На некоторое время в гостиной воцарилась тишина. Гости молча курили, стряхивая пепел, кто в перламутровый завиток раковины, кто в эмалированную пиалу, кто в черное, из африканского дерева, блюдце.
– Наш дорогой Марк и сам не хуже Сальвадора Дали, мастер миражей, – произнес невысокий, кругловатый, большеголовый гость, с коричневым, восточного вида, лицом, пушистыми молодыми бровями, под которыми любовно взирали оливковые, с белыми точками, глаза. Его чувственный нос напоминал небольшой, розоватый внутри хобот, где гулко рокотали и переливались слова.

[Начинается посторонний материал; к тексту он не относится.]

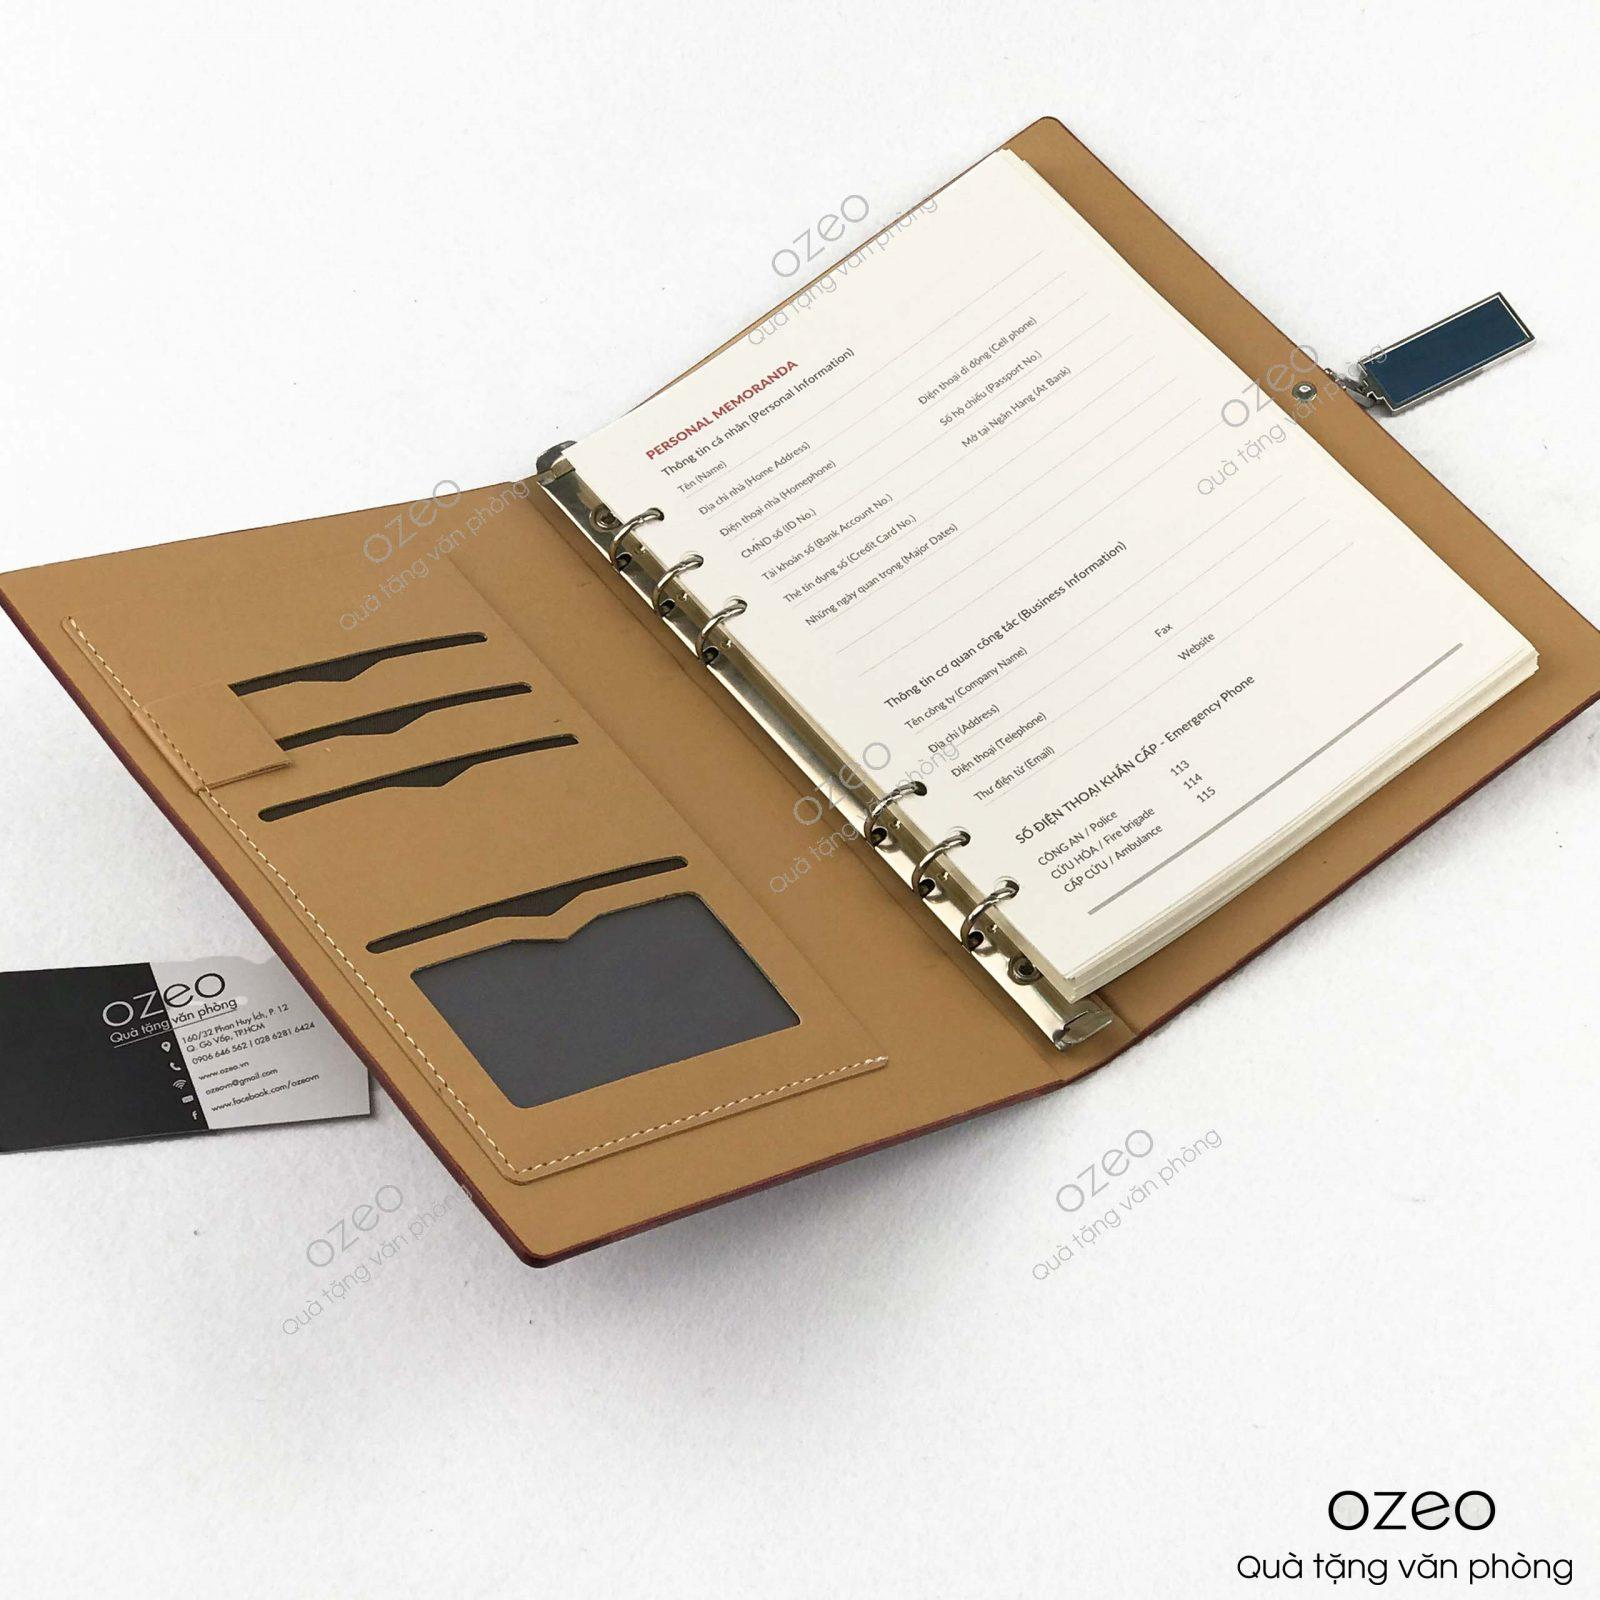 Phần bên trong của bìa sổ da khóa vuông A5 là các ngăn đựng card, danh thiếp.

В открытой рубахе апаш курчавилась темная шерсть, в которой блестела тонкая золотая цепочка с какой-то восточной ладанкой.
– А это кто? – спросил у соседа Коробейников, вслушиваясь в странное звучание слов, пропущенных сквозь резонатор хобота и при этом слегка деформированных.
– Звезда востоковедения Приваков, – с уважением в голосе пояснил сосед. – Друг арабов, брат евреев, журналист и ученый, советский Лоуренс, составляющий рекомендации для МИДа по вопросам запутанной ближневосточной политики.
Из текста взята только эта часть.